-- EXERCISE --
Go through the lines below and repeat each one exactly, skipping pictures.

-- INPUT DATA --
((
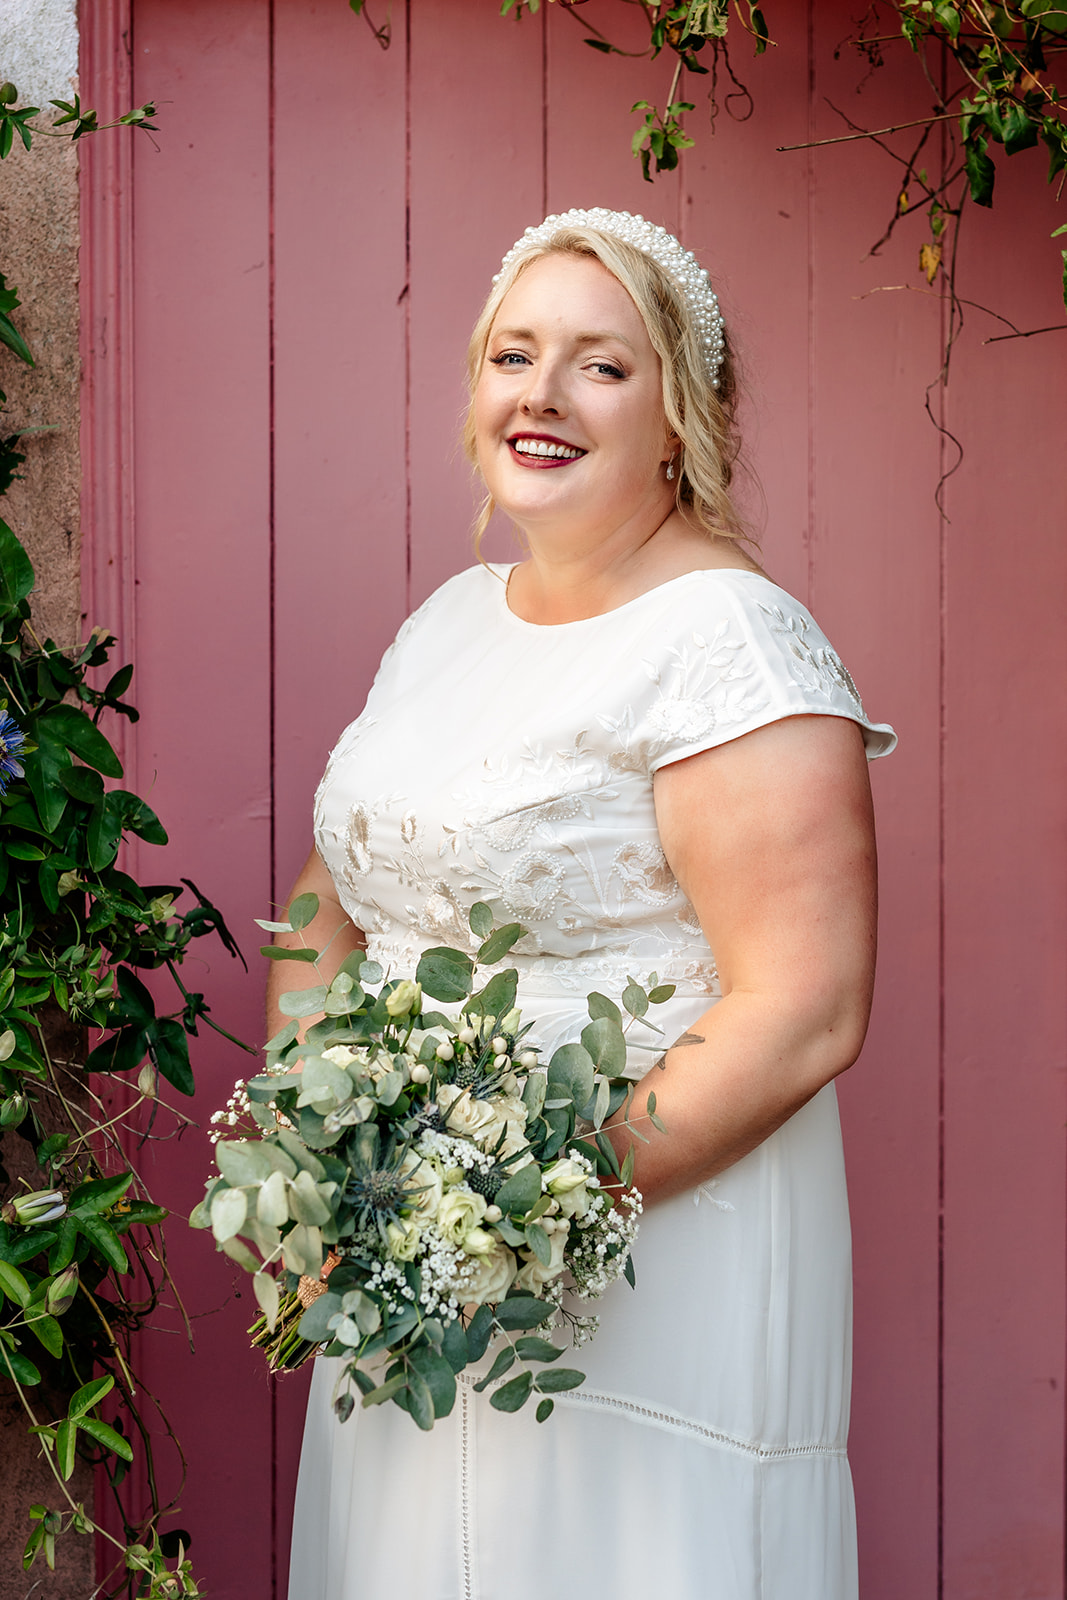 Barnabrow House wedding, Ballycotton Wedding, Cork wedding Photographer, Sarah Kate Photography 
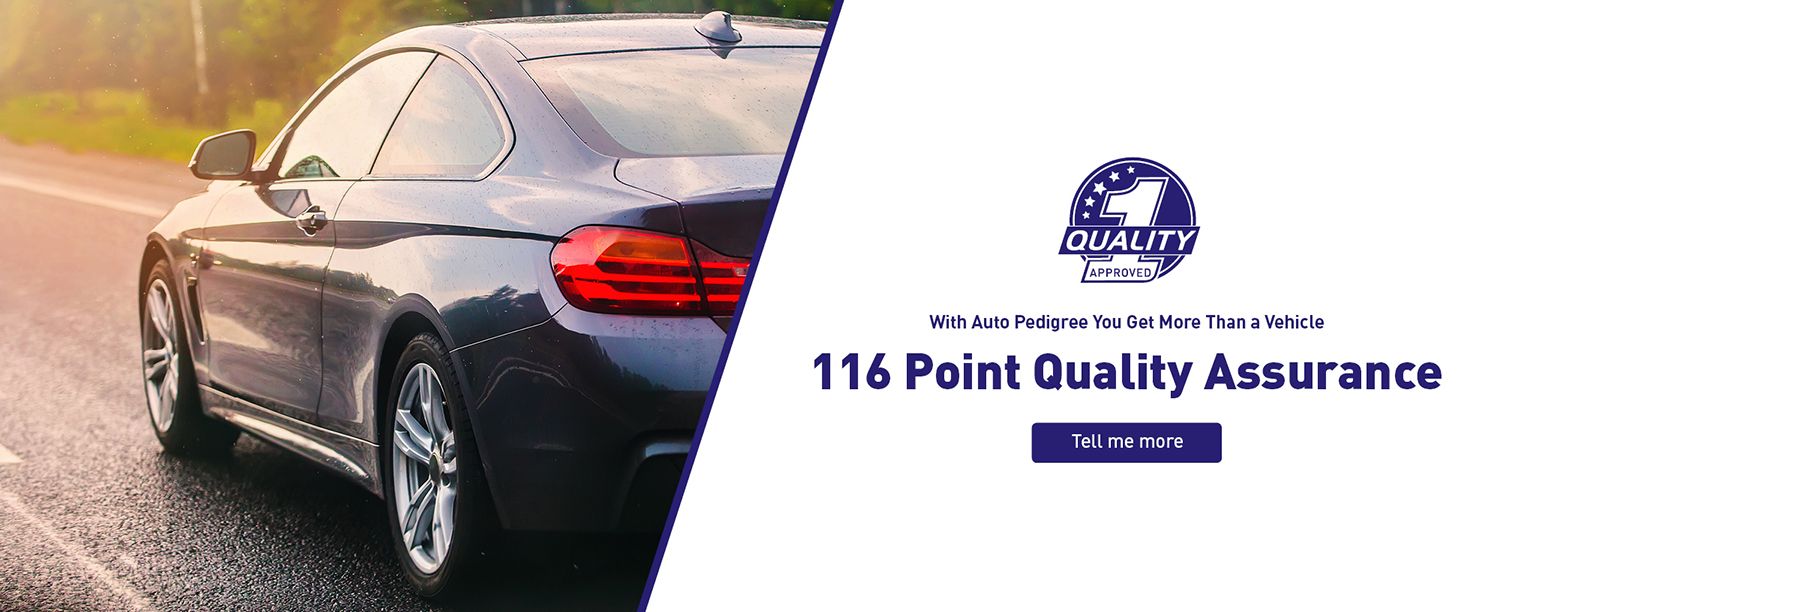 Auto Pedigree 116 Quality Check
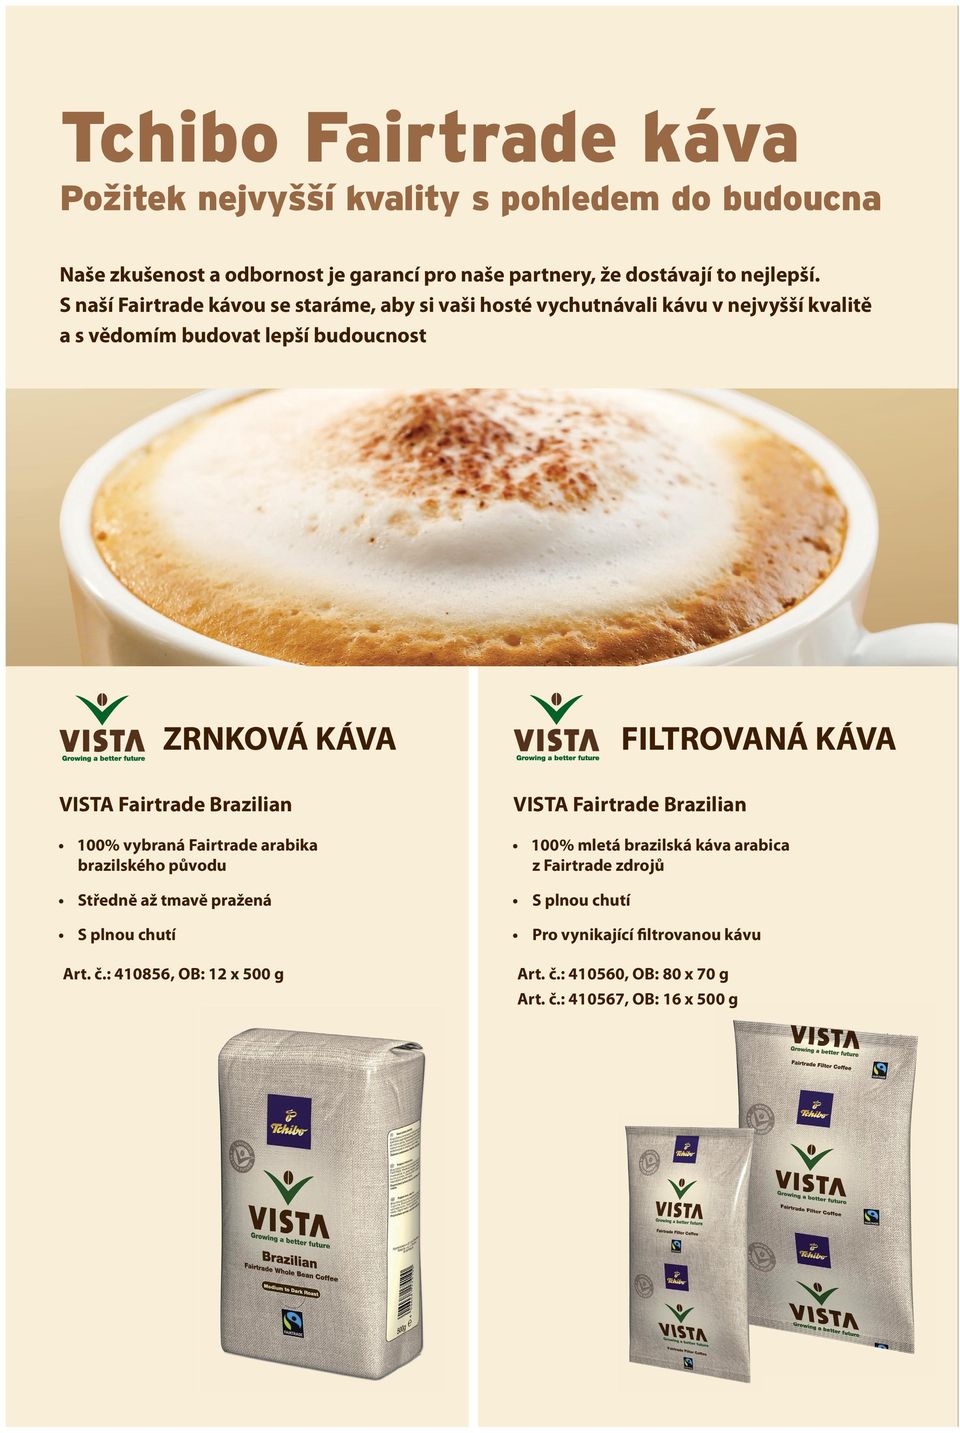 Fairtrade produkty od Tchibo Coffee Service: Trvale udržitelné certifikované pečetí Fairtrade, známé mezi spotřebiteli Důvěryhodné harmonický koncept od pěstování po komunikaci s koncovým zákazníkem
))
-- ANSWER SPACE --
 Barnabrow House wedding, Ballycotton Wedding, Cork wedding Photographer, Sarah Kate Photography 
 Auto Pedigree 116 Quality Check
 Fairtrade produkty od Tchibo Coffee Service: Trvale udržitelné certifikované pečetí Fairtrade, známé mezi spotřebiteli Důvěryhodné harmonický koncept od pěstování po komunikaci s koncovým zákazníkem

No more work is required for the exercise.